The crafting in Wildstar has both Talent trees, where you can increase the effectiveness of the items you craft, and Tech Trees, almost like a spec option inside the trade skill. You make a certain amount of one item to unlock new schematics, and you can build your skills in any direction. If you aren't interested in PvP armor, for example, you can skip the requirements for learning it and concentrate on using your materials to upgrade your PvE armor. You can come back to the PvP stuff later, if you wish. With this layout, though, it takes a long time before you unlock new things to make, so it can feel like you're not progressing or out-leveling the gear you can make.

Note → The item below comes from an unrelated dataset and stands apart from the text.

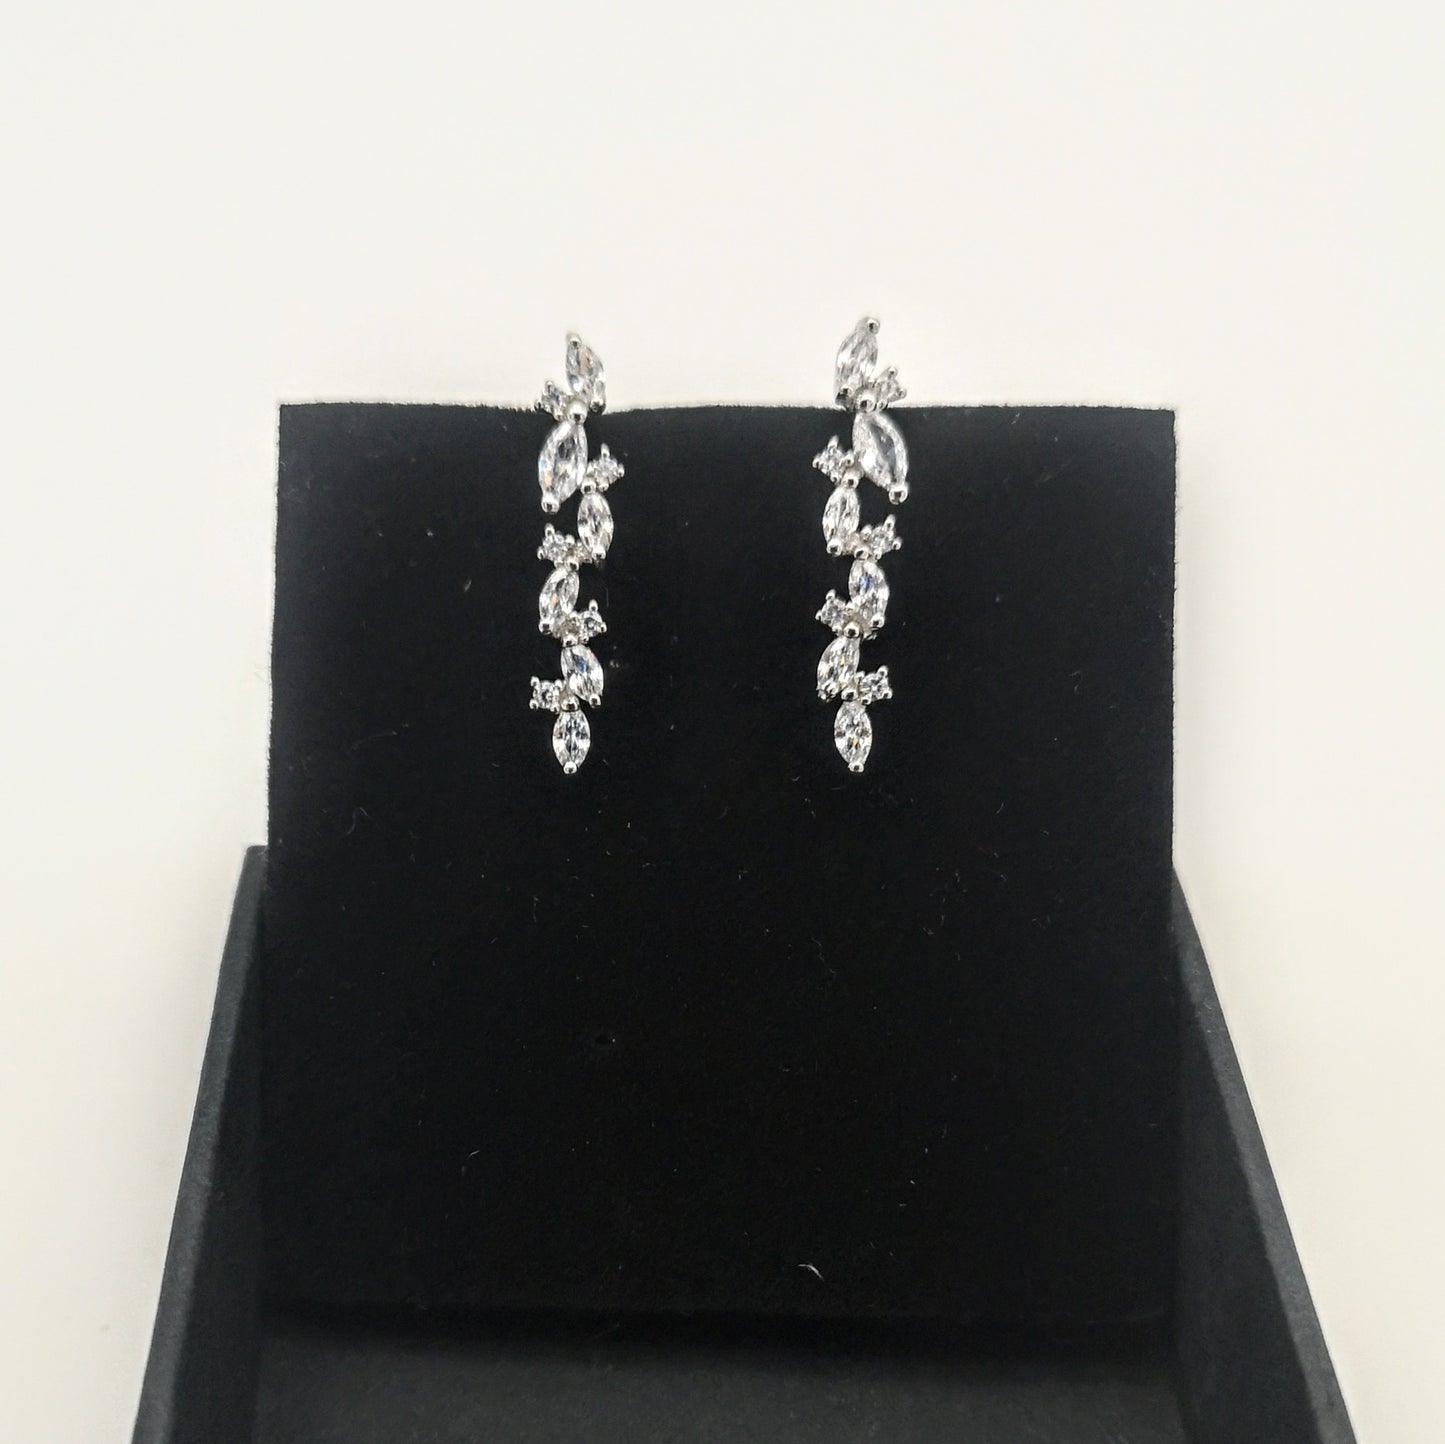 Sterling Silver CZ Ear Climbers

Housing is always highly requested in MMOs, and happily, Wildstar joins the ranks of the handful with the option, which is unlocked at level 14. You buy and clear a plot of land, and then it's yours to use as you wish. You start with basic home options and can build bigger and more elaborate buildings as you gain levels (and gold). The decoration options are nearly endless, and there are no designated furniture spots, and I didn't encounter a limit on the amount of items you can include. Put whatever you want, wherever you want, whether inside your home, in your yard, or on the outside of the building. Build the sci-fi cartoon home of your dreams —eventually. You essentially start out in a tent in the middle of a field, and you have to work your way up. Like everything else in Wildstar, it's not an easy climb. To me, that makes the mad-scientist mansion I will one day own feel that much more fulfilling. They didn't just hand me a mansion; I earned it.
The graphical style can be a little off-putting. As other games are trying harder for realism, Wildstar went in the opposite direction. The characters have over-exaggerated proportions, the environments are saturated and colorful, and the whole experience looks like something I watched on Saturday mornings as a kid. It's still fairly graphically dense, however, with my computer barely reaching minimum specs.
Wildstar is a breath of sci-fi fresh air in a genre saturated by orcs and elves. Everything in the game is easy to learn and difficult to master, and the challenge is equally as refreshing as the setting.